We’re excited to share the first post in our new Mission Logs series, a set of Q&A style blog posts with industry leaders, thinkers, and doers. Today, we’re showcasing a conversation with David Dambman, a true expert in automation, both in terms of robotics and data. 

David is the former CTO of Biosero and Co-founder of LabSync, a lab automation consulting company and tech incubator. His thoughts on automation for the life sciences have been featured in talks at events including SLAS and publications such as BioIT World,Technology Networks, The San Diego Union Tribune, and more. 

We sat down with David to pick his brain about:

• Why biotech falls behind other industries in automation
• Challenges that labs face in adopting automation 
• Why automation projects fail
• How change management is a key part of success
• What he’s excited about most in automation
• And more

Read on for our interview with David—plus a fun fact about him, too.

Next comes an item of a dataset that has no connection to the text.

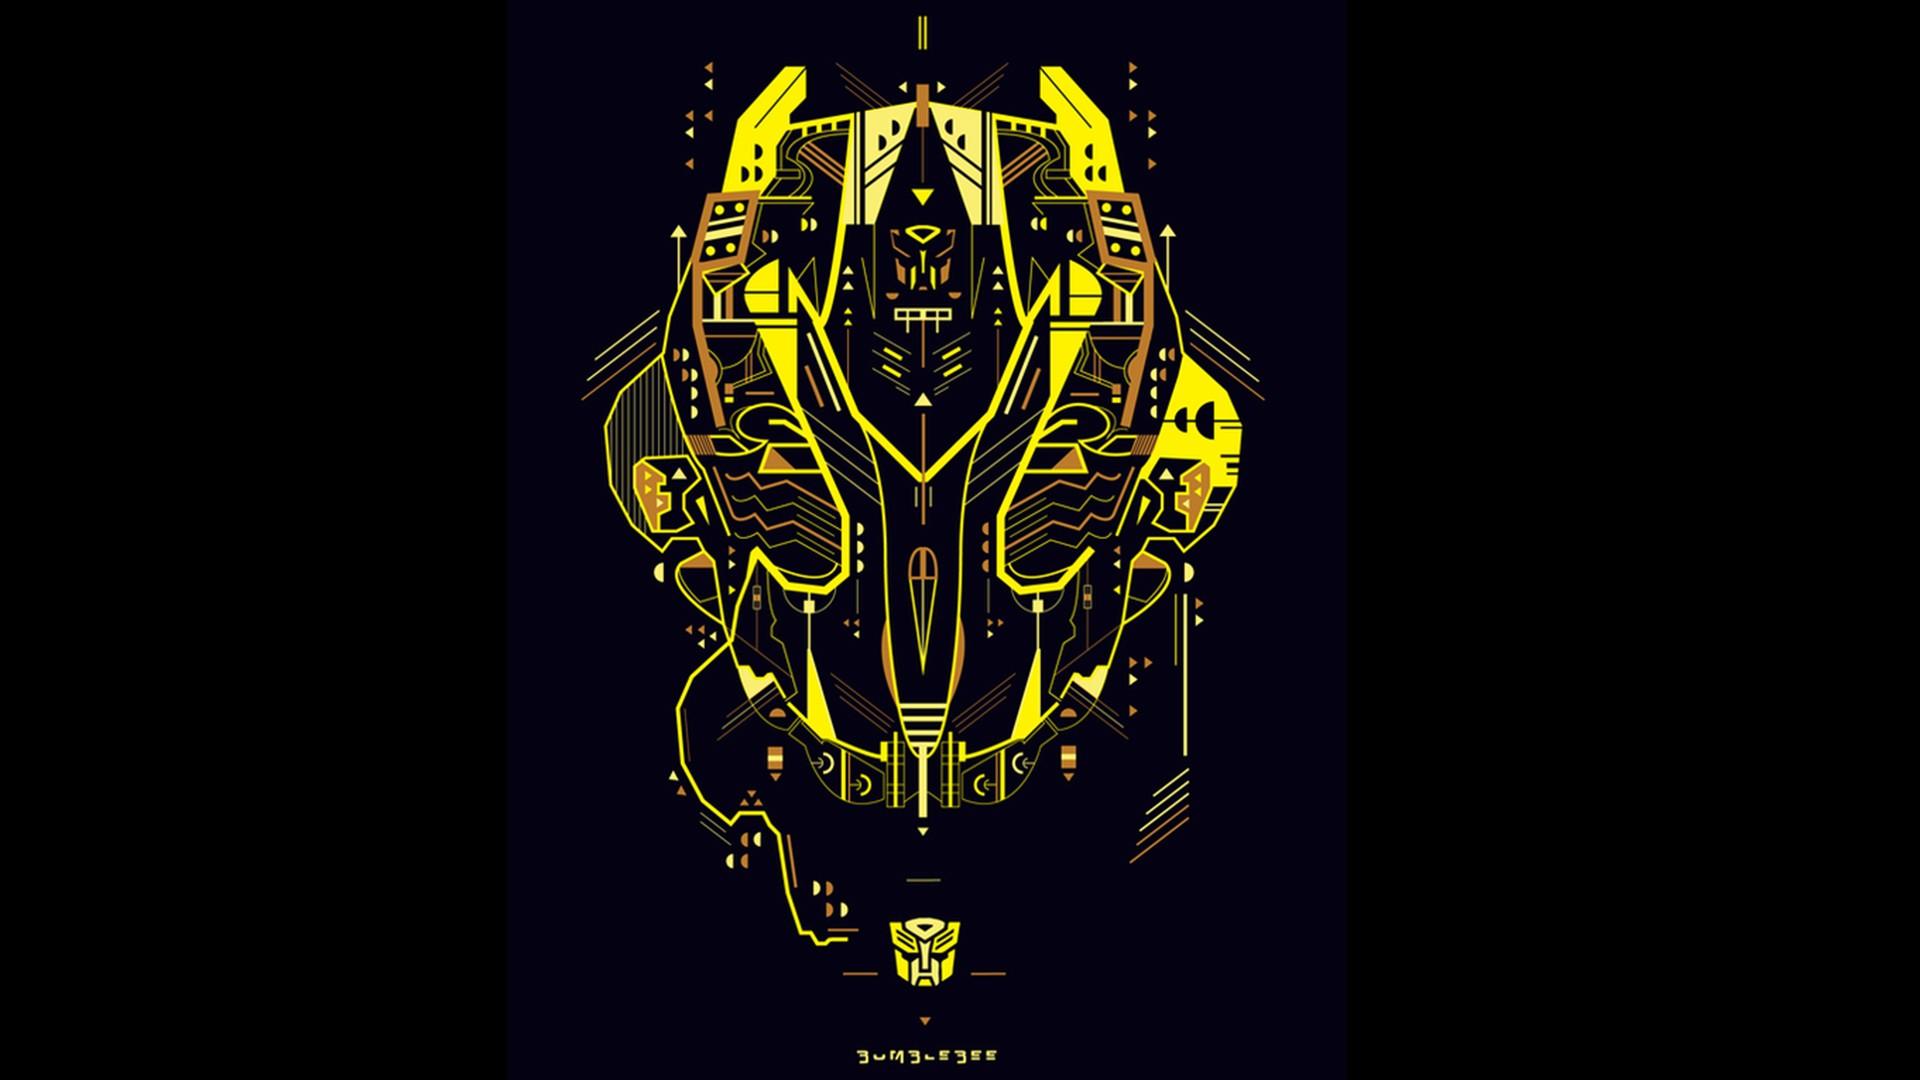 Optimus Prime Transformers Wallpapers | HD Wallpapers

Don’t Procrastinate: Now’s the Time to Automate

Q: At Ganymede, we often note how far behind the life sciences are when it comes to modern cloud-based infrastructure, data management, and automation. Why do you think that is? Are there challenges in adoption that are unique to the life sciences?

A: Actually building sophisticated automation takes a lot of capital investment, consensus-building, and a clear path to ROI—all of which take time to develop.  With the life sciences, it’s often not well understood from the outside just how dynamic and highly innovative R&D is. By nature, that means that any infrastructure, automation, and standardization a lab builds will lag significantly behind the on-the-ground innovation. 

Additionally, biology deals with a lot of unknowns. The models we’re working on are not as clear-cut as models in financial systems, for example. These inherent challenges based on the nature of the scientific domain makes it much more difficult to standardize and automate than normal in this field.

Q: Do you have any prime examples of where automation can be especially useful for labs, or where it’s a “no-brainer” to invest in? And how can companies identify those opportunities in their own labs?

A: The most classic use-case for automation is improving throughput without increasing headcount. It’s about looking at areas where there are high costs yet little ROI on those costs, like having a PhD-level scientist spending hours pipetting. Automation can leverage that individual’s work so they can be freed up for higher-level knowledge work. 

Companies should look for an area where there’s a highly repetitive process—like pipetting— that takes up a lot of time. But it’s important to note that automation doesn’t have to be all-or-nothing. Not everything has to be automated right away. It’s good to take small steps, such as using an automated liquid handler to handle pipetting, or bringing in an automated stacker or a bulk dispenser. 

I’m a big advocate of taking an evolutionary approach before trying to create an end-to-end system with no human intervention. Notch those small wins first.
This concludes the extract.